> **Raw data**

┄┄┄┄┄┄┄┄┄┄

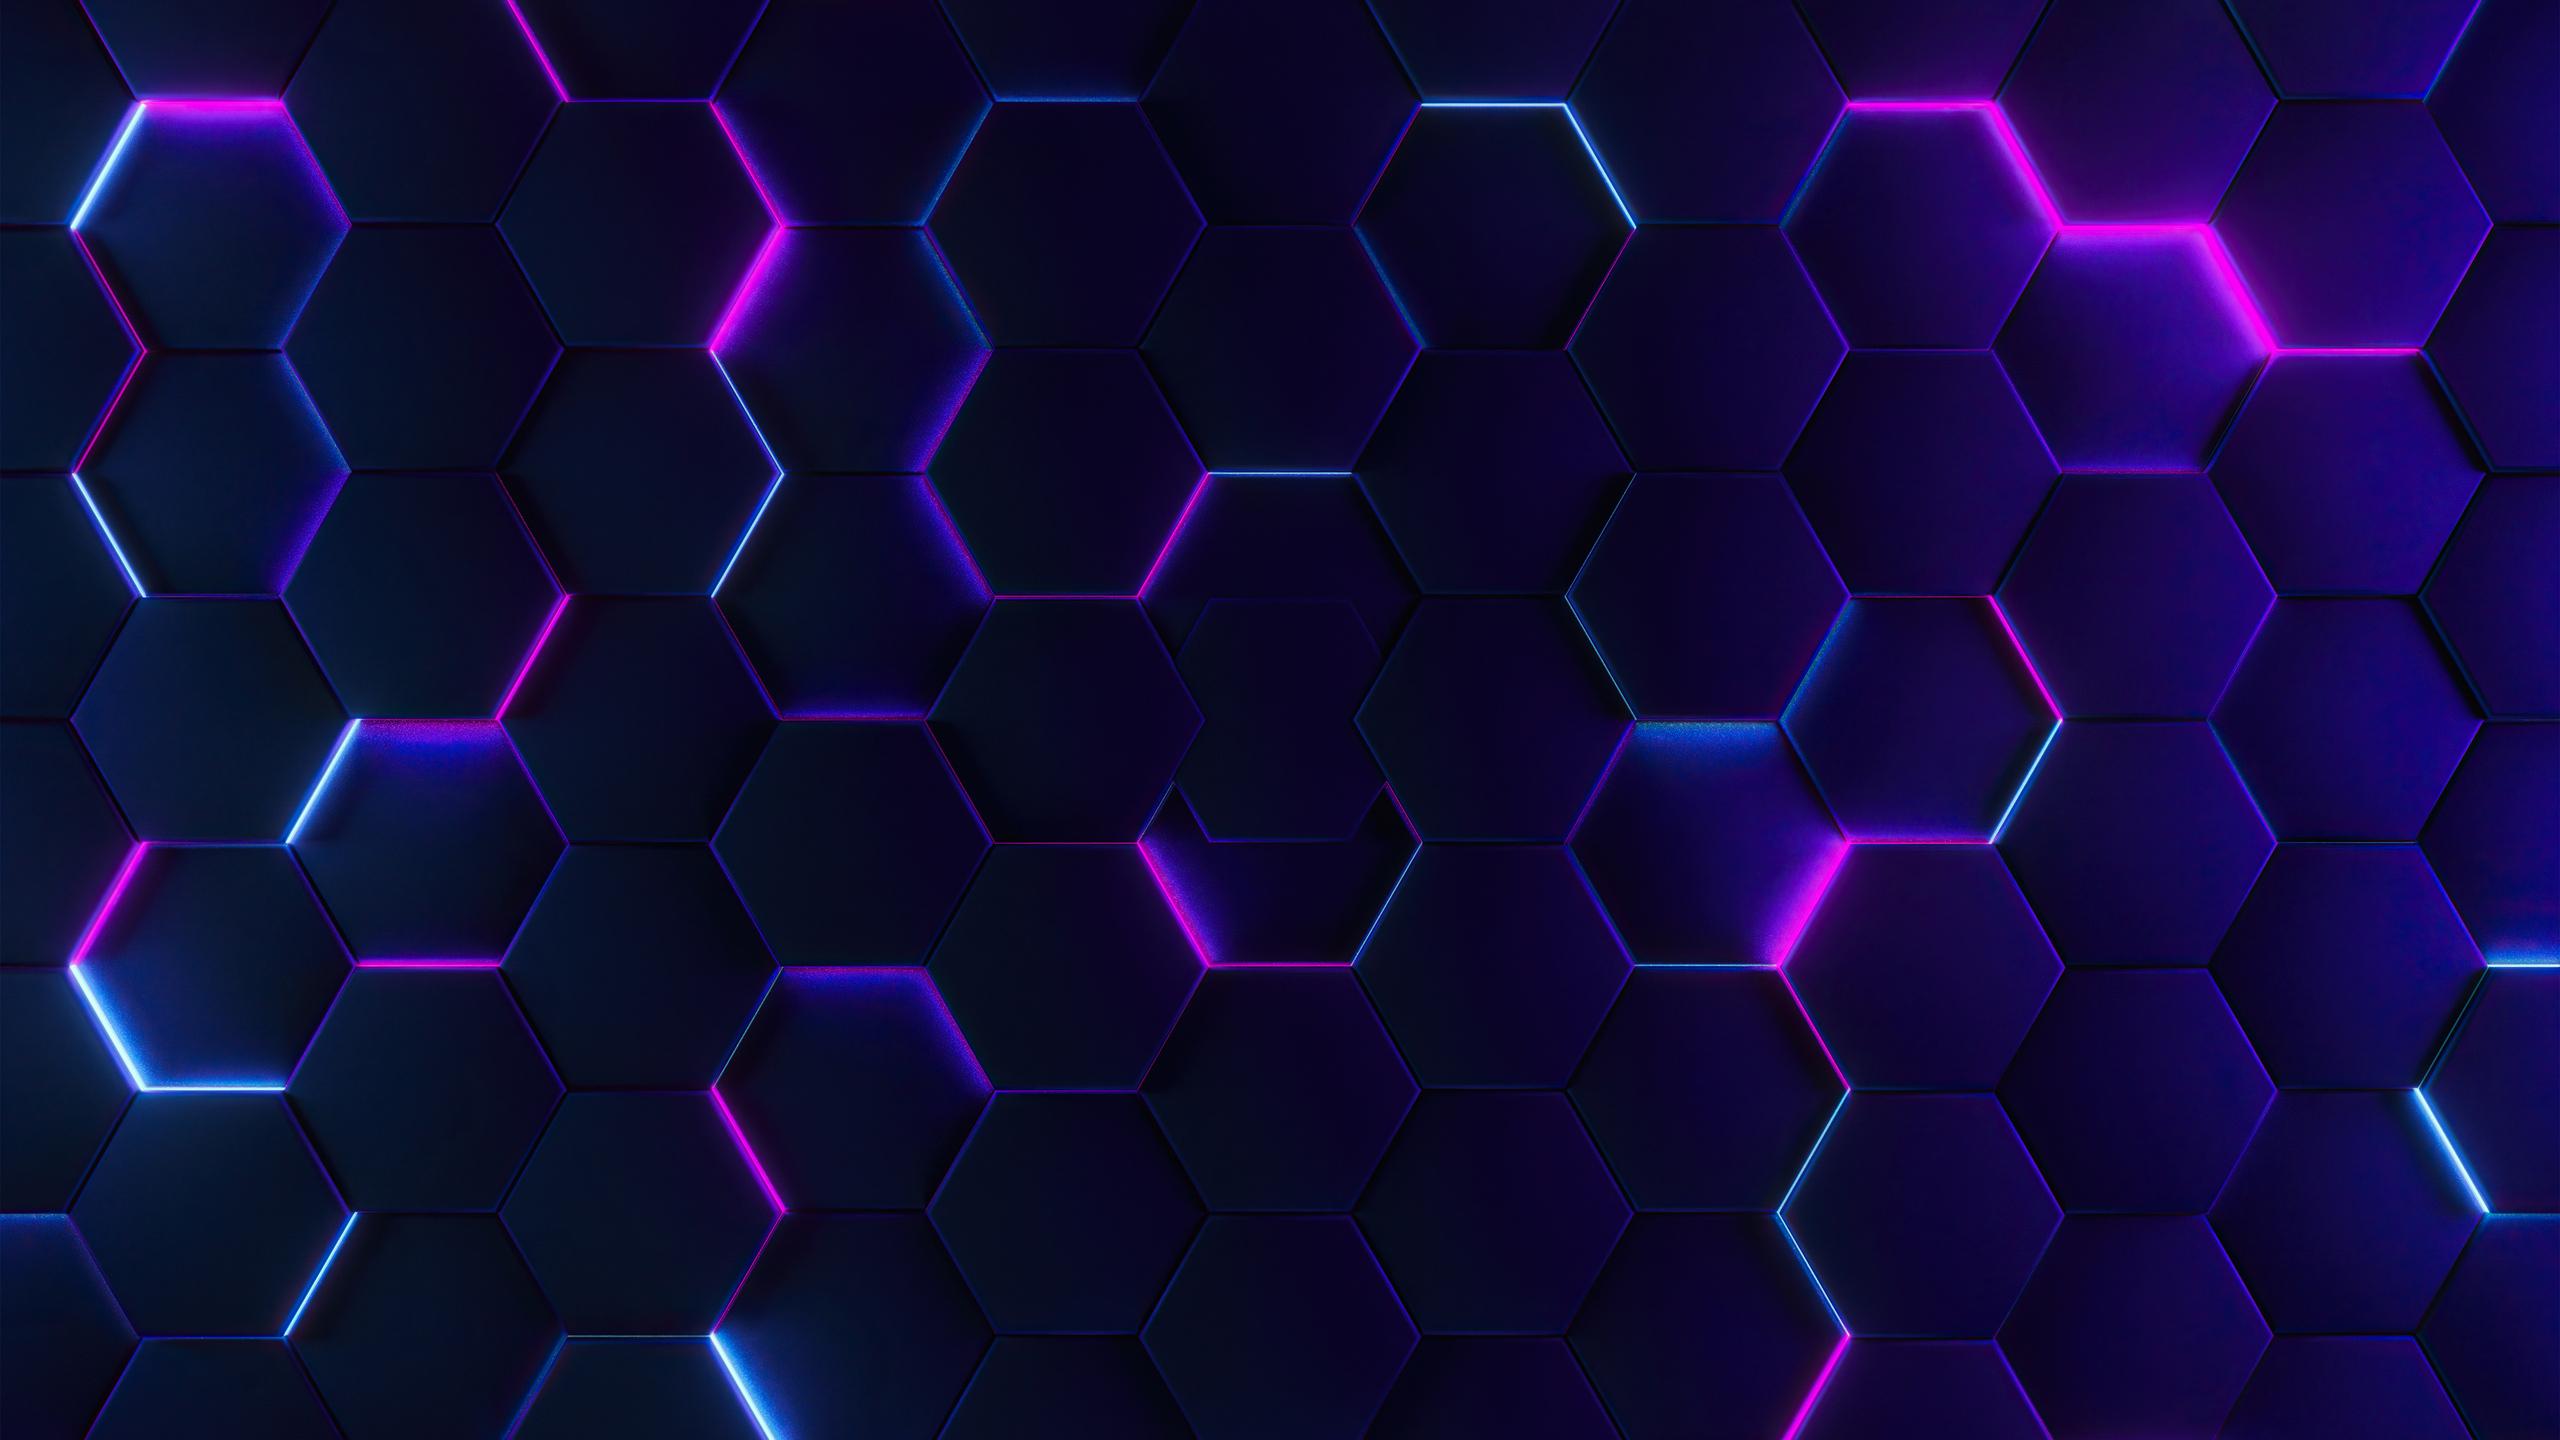 General 2560x1440 abstract hexagon glowing digital art texture CGI purple
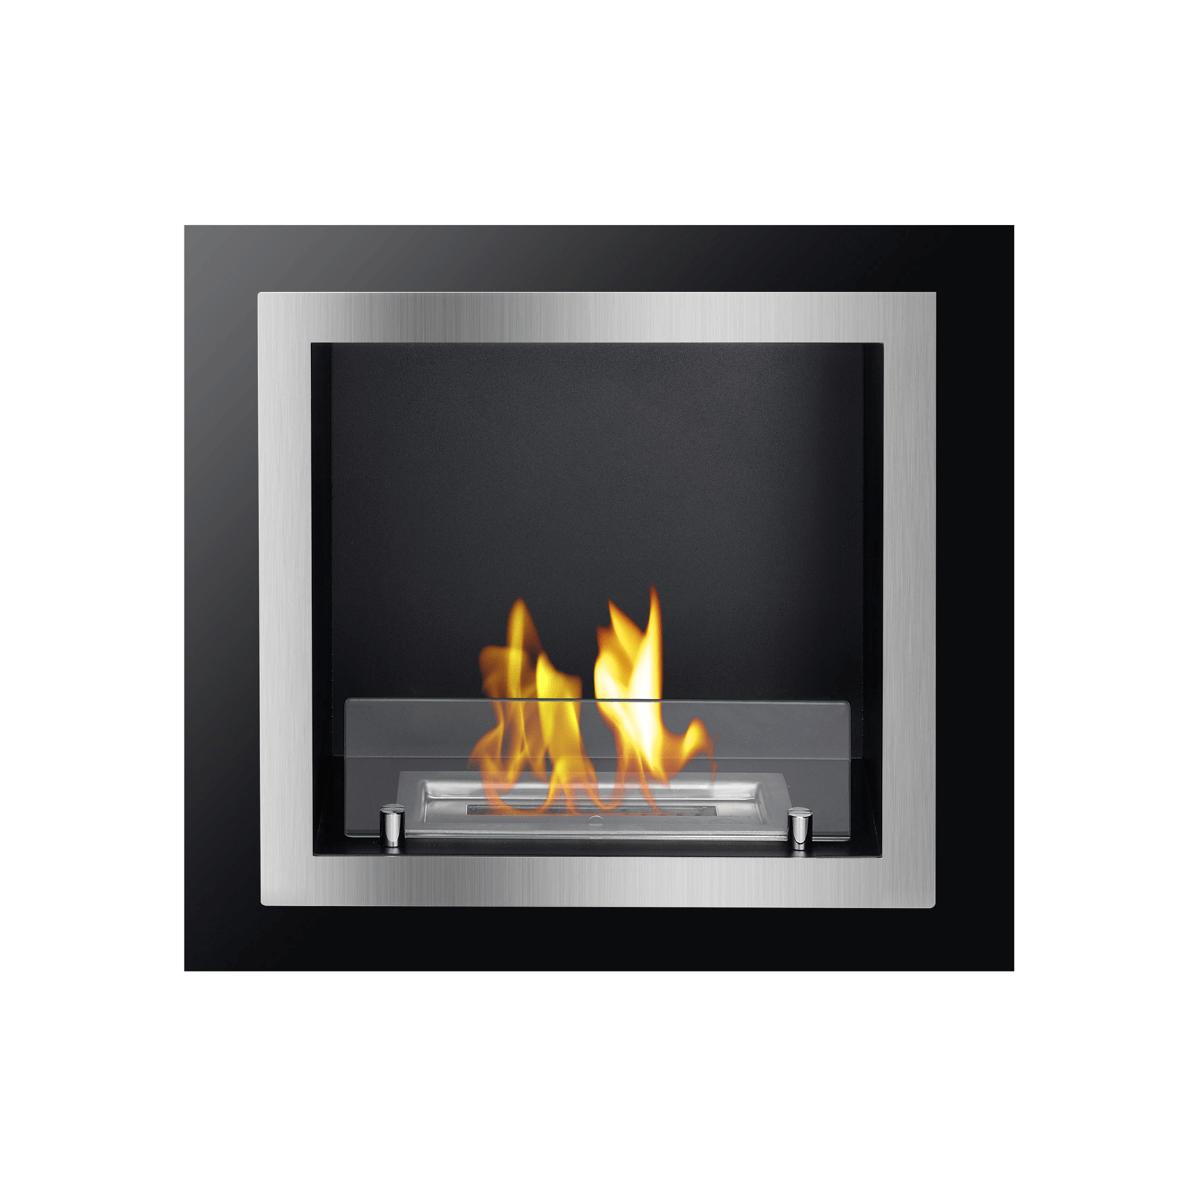 Ignis Ethanol Fireplace Bioethanol Fireplace Mounted Fireplace
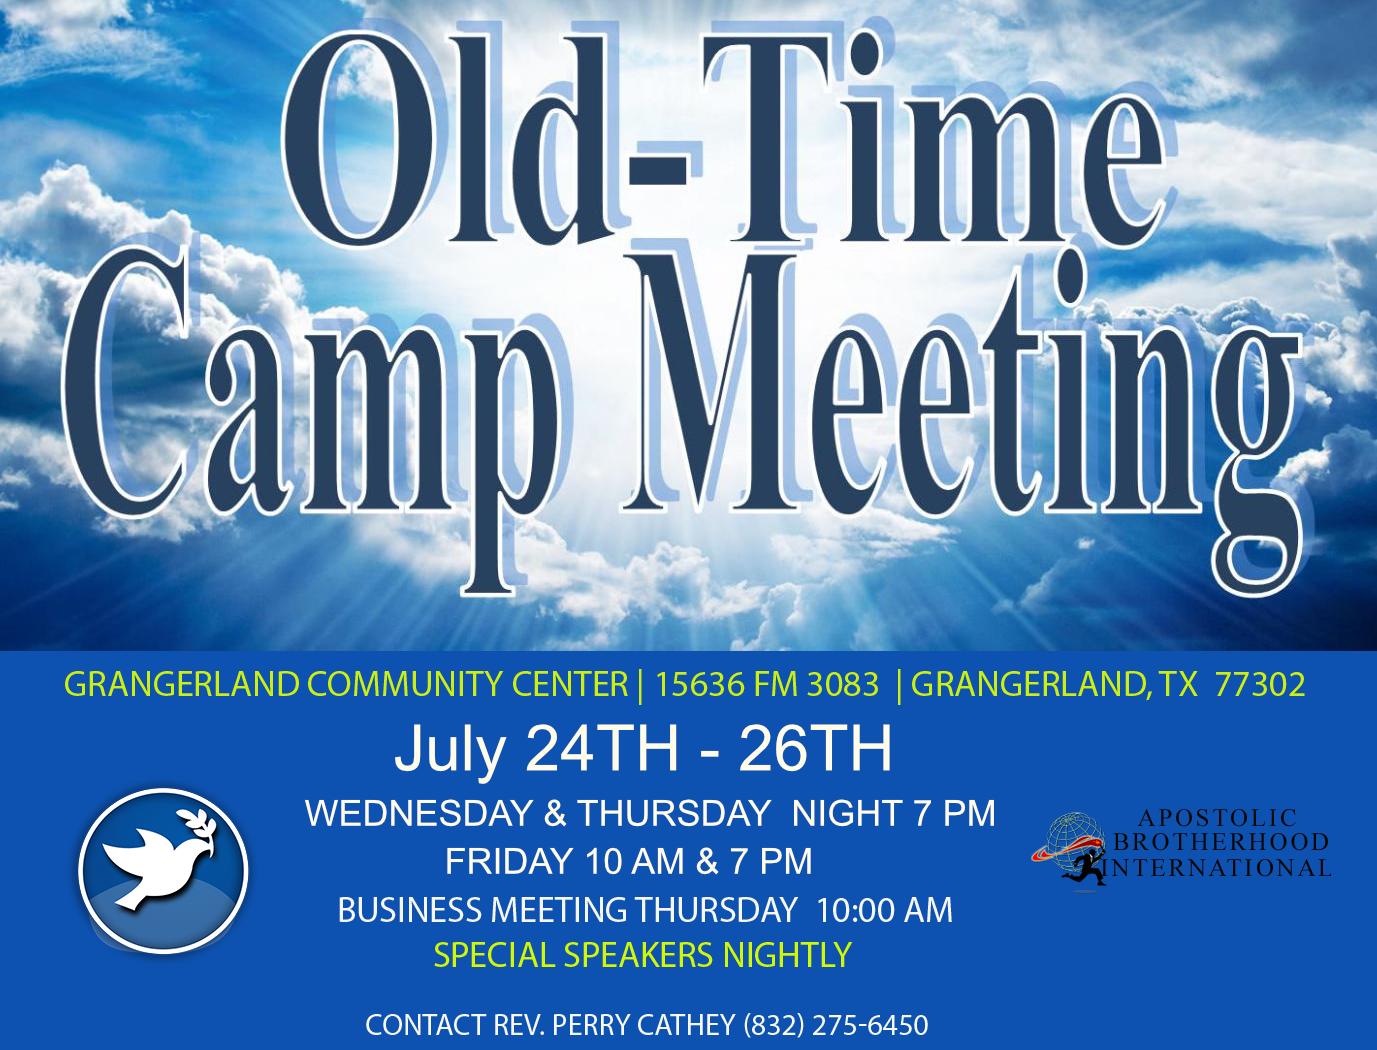 2019 Camp Meeting

┄┄┄┄┄┄┄┄┄┄

> **Work instruction**
In the data above, find the line containing "Ignis Ethanol Fireplace"; from there, please write out each line through the end, exactly, with the pictures omitted.

> **Solution to the problem**
 Ignis Ethanol Fireplace Bioethanol Fireplace Mounted Fireplace
 2019 Camp Meeting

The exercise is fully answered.